To a remarkable degree though, The Simpsons franchise has managed to have it both ways throughout the years, emerging with cred intact — it’s one of those shows that even people who don’t watch TV used to watch — and this in spite of irresponsible branding as unconscionable as anything spawned in the offices of Jim Davis’ Paws, Inc. (The Simpsons Sing the Blues, branded 7-Elevens, Bart’s Nightmare for the SEGA Genesis and a truly awful Konami arcade game, hawking Butterfinger bars…). What’s largely missing in the press’ wreathing The Simpsons in American Masterpiece laurels is a touch of phlegmatic distance; a comparison to Bill Watterson, the other great man of American popular cartooning over the last 20 years, might be instructive. Watterson’s Calvin is roughly a contemporary of Bart Simpson, born into syndication in late 1985, but his creator did not license out his meal ticket, taking a vocal stance against such filthy lucre that speaks louder than quite a bit of “satire.” (Not that Watterson’s scruples have prevented his creation from showing up in the rear windshield of every pickup in America, peeing on most anything you could think of.)

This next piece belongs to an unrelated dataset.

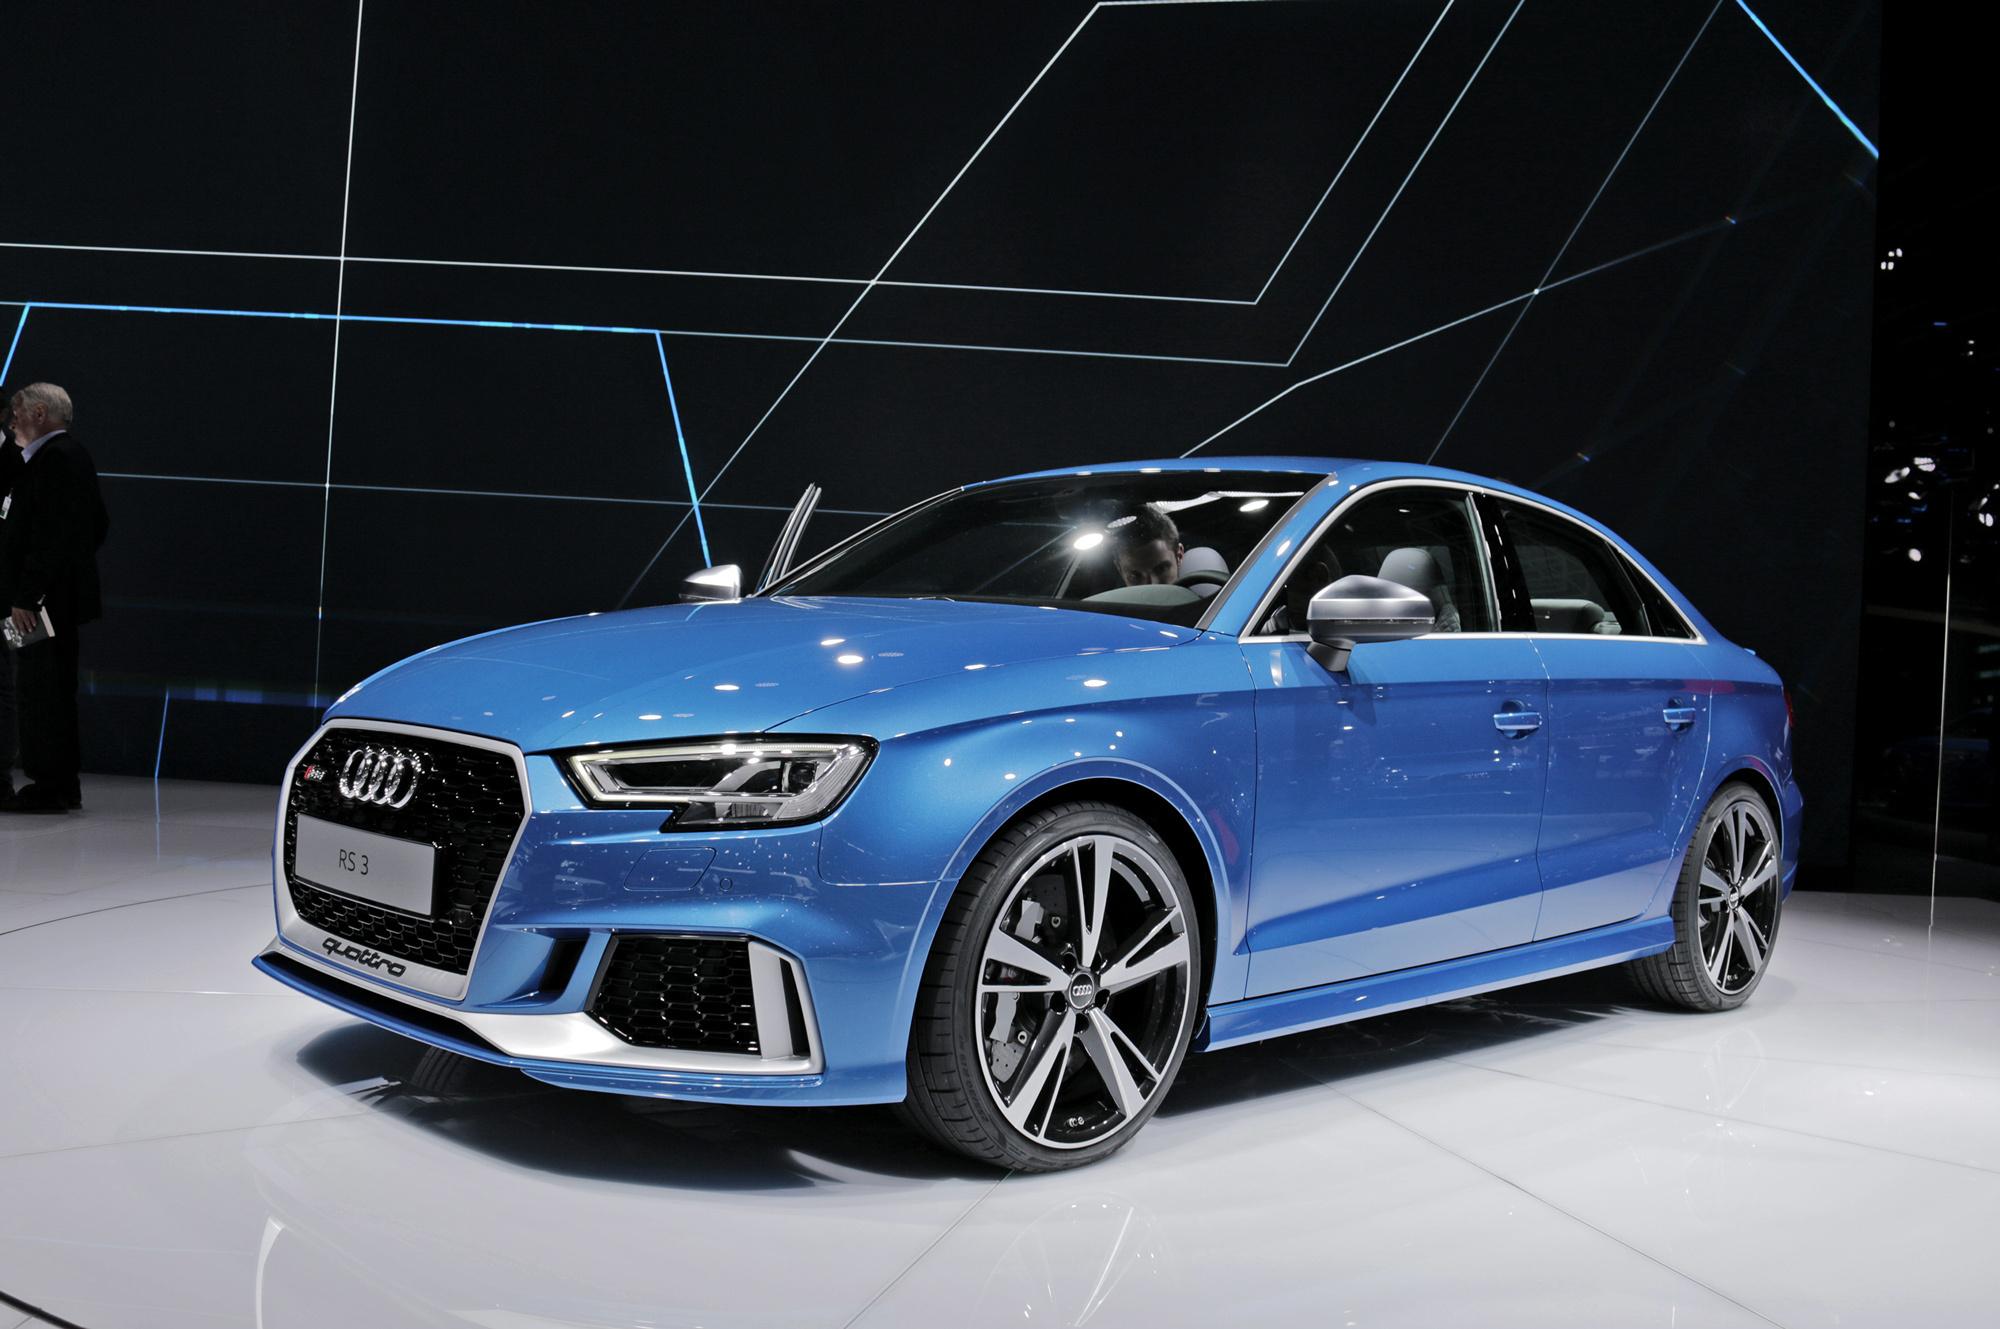 Audi RS 3 Wallpaper For Lapto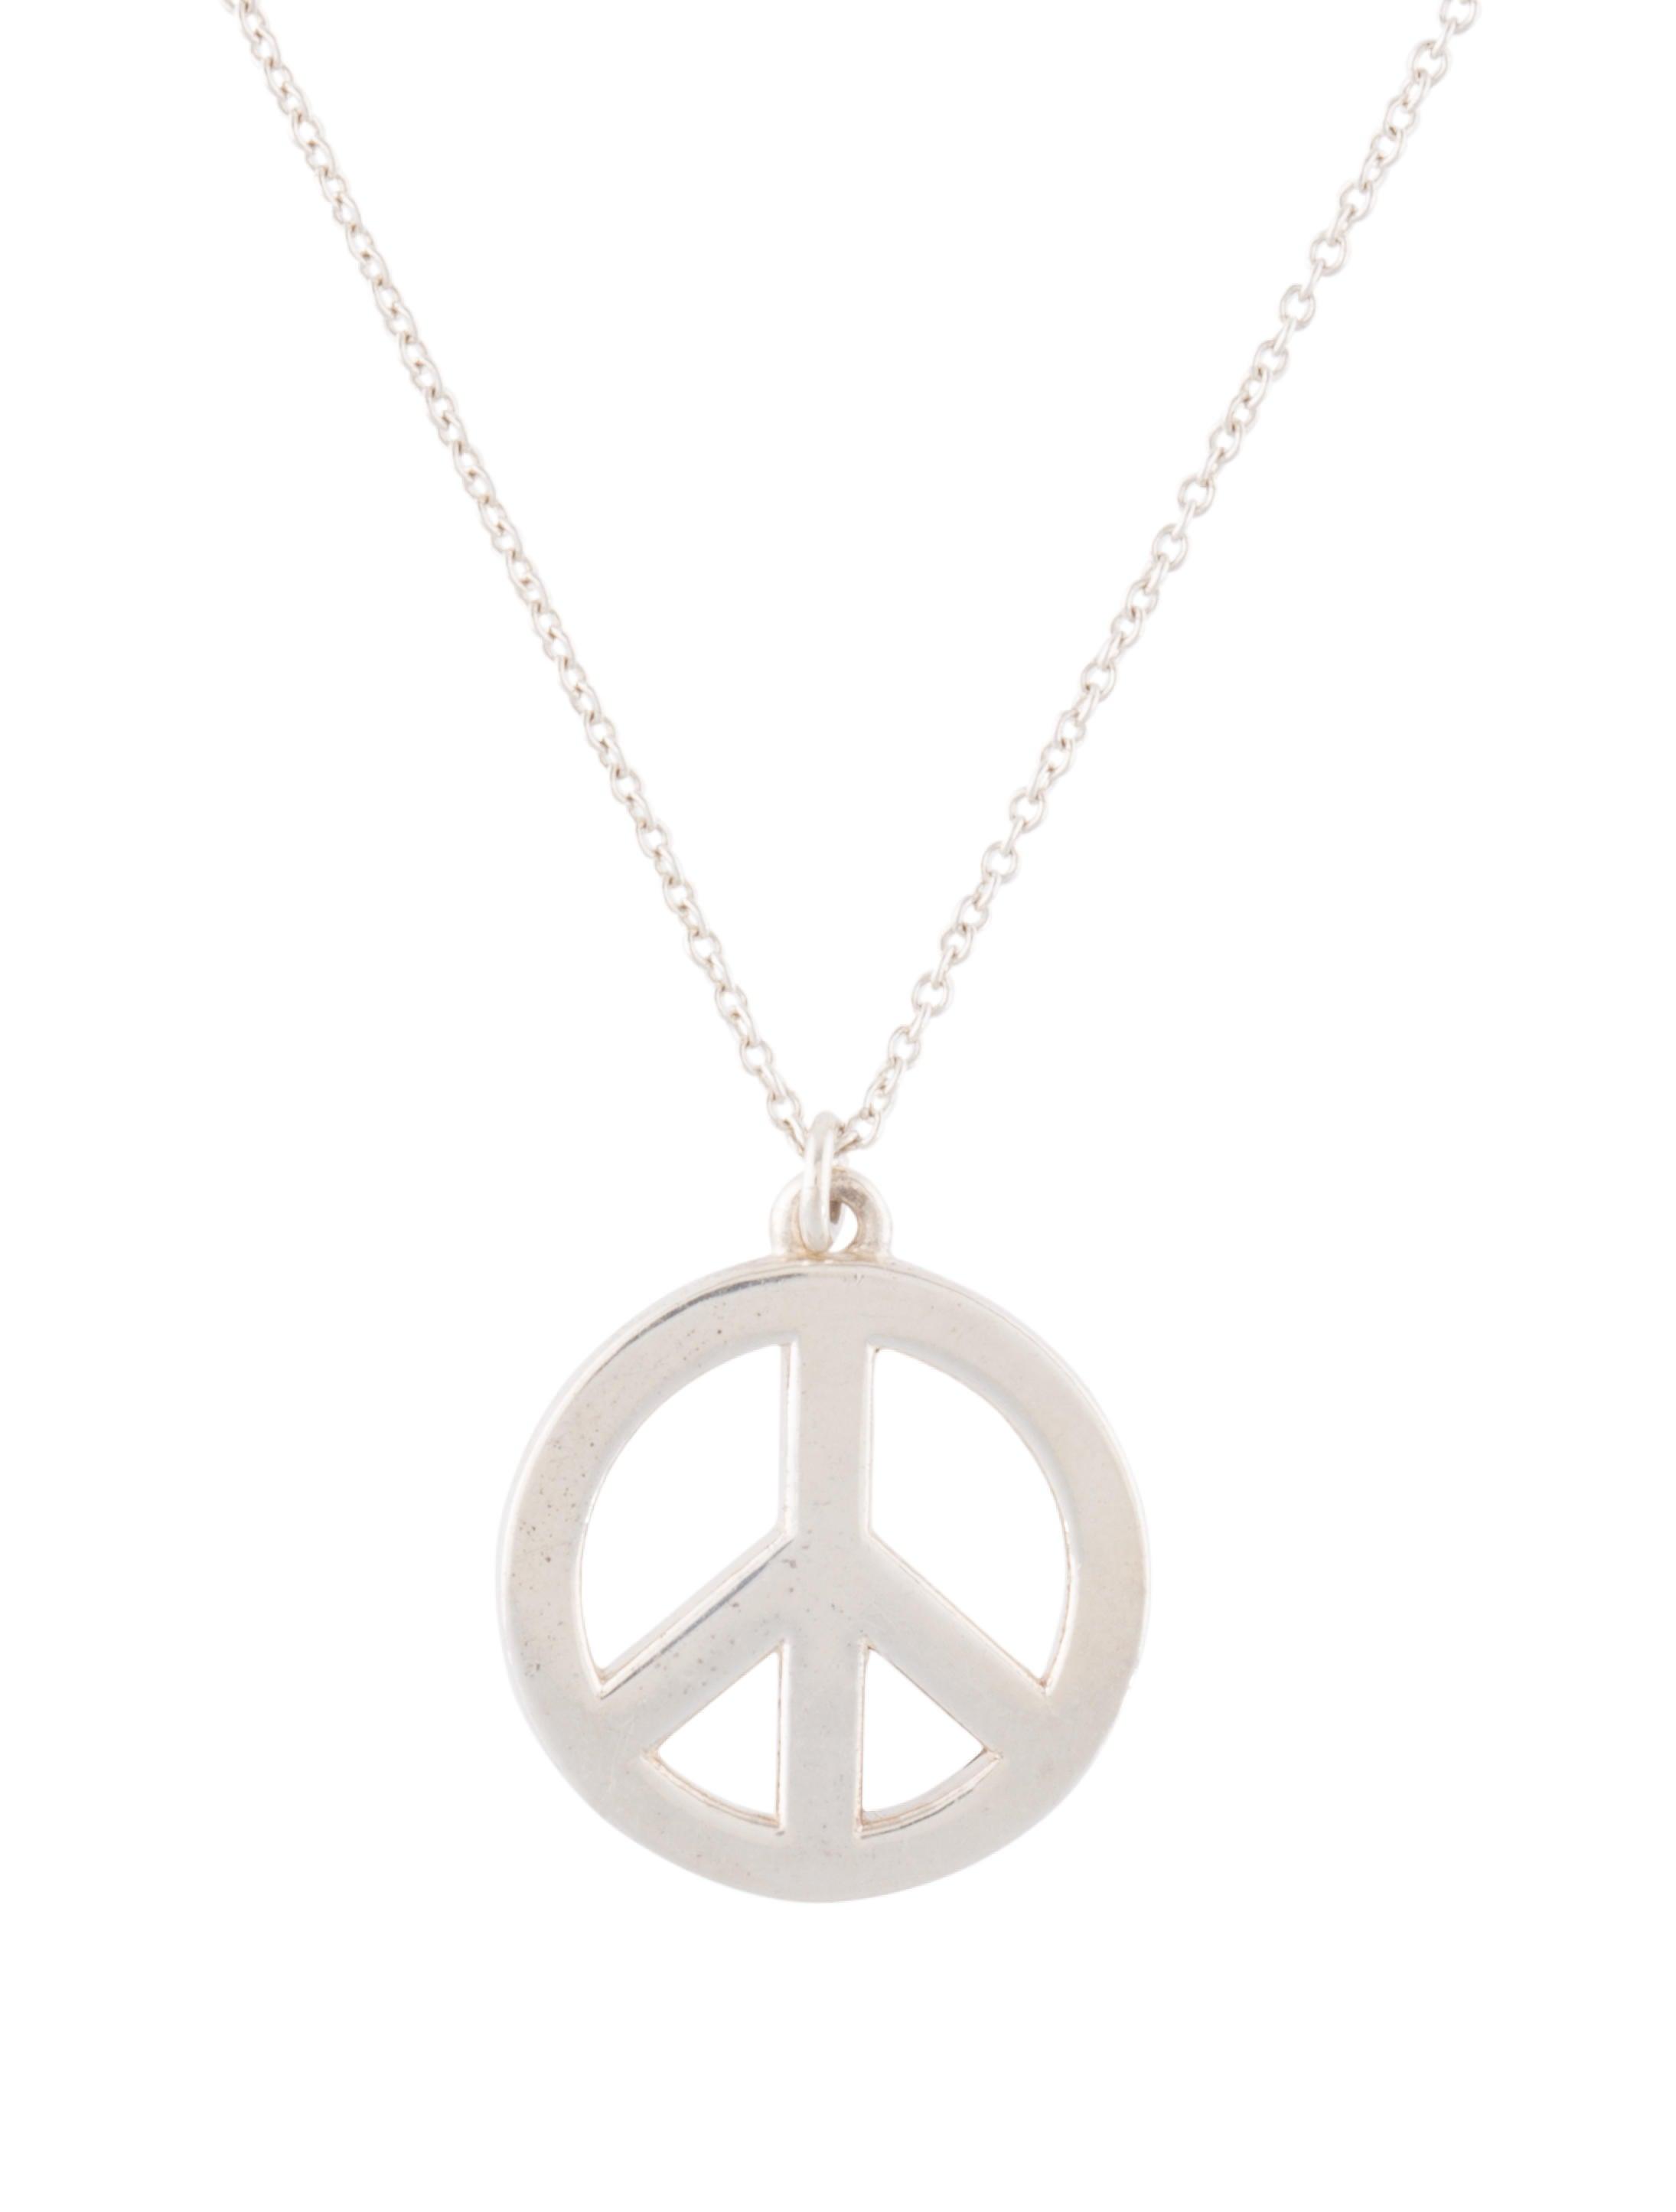 464a6d986 Tiffany & Co. Peace Sign Pendant Necklace - Necklaces - TIF66494 ...

Which brings us to The Simpsons Movie, the latest tie-in, born of a Groening storyline, then filigreed with gags by a brain trust of 11 series’ veterans, including Mirkin and stalwart John Schwartzwelder, (Here again is evidence that The Simpsons receives an unprecedented amount of good faith from critics: Any other movie to come so crowded with screenwriter credits would immediately be taken as a sign of desperation.) Despite an opening self-reflexive gag, in which Homer turns to chastise the audience of an Itchy and Scratchy Movie for “paying for something they get for free on TV,” the film takes its duty to deliver sheer scale seriously. It is big, bombastic and genuinely jazzed on the possibilities of filling all that Widescreen space. When the credits roll, here’s what the scoreboard’s like: a few good jokes tartly tossed off (the clientele of a bar and a church switching in a panic with the news of incoming disaster), as well as a plenty of middling ones (Spider-Pig, pushed heavy in TV spots and brought out for one curtain call too many) and an over-abundance of interminable Homer-fall-down-go-boom gags, always a staple of the program, though ever-more-heavily relied on. The consensus is right: It’s only pretty funny, which is all it needed to be.